> [RECORDED DATA]:

-*-*-

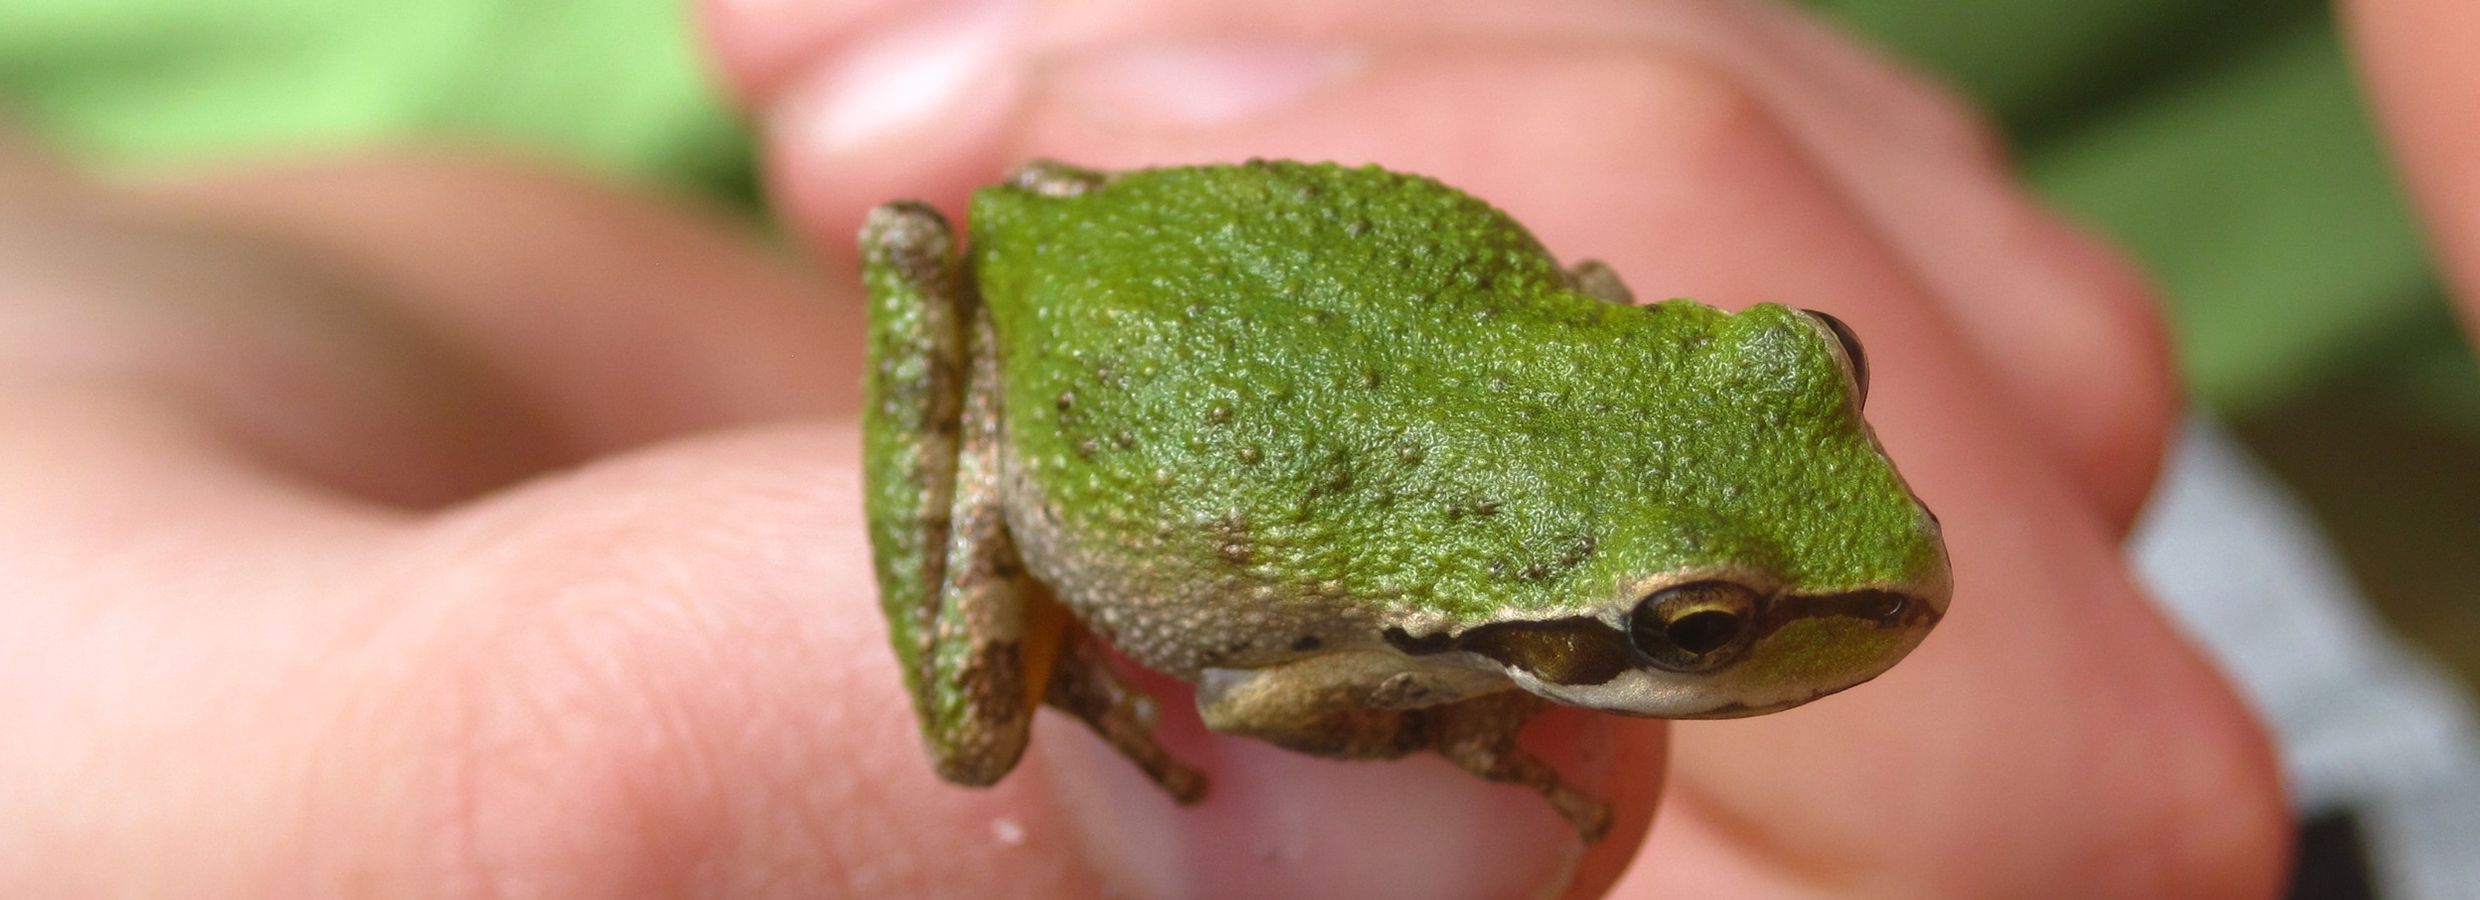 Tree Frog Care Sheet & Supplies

-*-*-

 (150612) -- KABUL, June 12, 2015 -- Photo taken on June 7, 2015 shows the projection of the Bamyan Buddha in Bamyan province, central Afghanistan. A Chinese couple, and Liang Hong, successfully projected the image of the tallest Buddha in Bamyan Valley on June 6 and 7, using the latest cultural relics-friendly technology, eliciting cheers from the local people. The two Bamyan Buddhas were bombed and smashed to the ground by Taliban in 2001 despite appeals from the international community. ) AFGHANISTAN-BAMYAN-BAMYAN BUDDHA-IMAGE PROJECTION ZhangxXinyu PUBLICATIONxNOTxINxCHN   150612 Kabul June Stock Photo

-*-*-

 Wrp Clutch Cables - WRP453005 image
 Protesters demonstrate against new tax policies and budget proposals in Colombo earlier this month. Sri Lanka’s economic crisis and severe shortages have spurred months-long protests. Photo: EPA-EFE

-*-*-

> [TASK INSTRUCTIONS]:
Which lines in the listing hold the word "Photo"? Copy them out.

> [YOUR RESPONSE]:
 (150612) -- KABUL, June 12, 2015 -- Photo taken on June 7, 2015 shows the projection of the Bamyan Buddha in Bamyan province, central Afghanistan. A Chinese couple, and Liang Hong, successfully projected the image of the tallest Buddha in Bamyan Valley on June 6 and 7, using the latest cultural relics-friendly technology, eliciting cheers from the local people. The two Bamyan Buddhas were bombed and smashed to the ground by Taliban in 2001 despite appeals from the international community. ) AFGHANISTAN-BAMYAN-BAMYAN BUDDHA-IMAGE PROJECTION ZhangxXinyu PUBLICATIONxNOTxINxCHN   150612 Kabul June Stock Photo
 Protesters demonstrate against new tax policies and budget proposals in Colombo earlier this month. Sri Lanka’s economic crisis and severe shortages have spurred months-long protests. Photo: EPA-EFE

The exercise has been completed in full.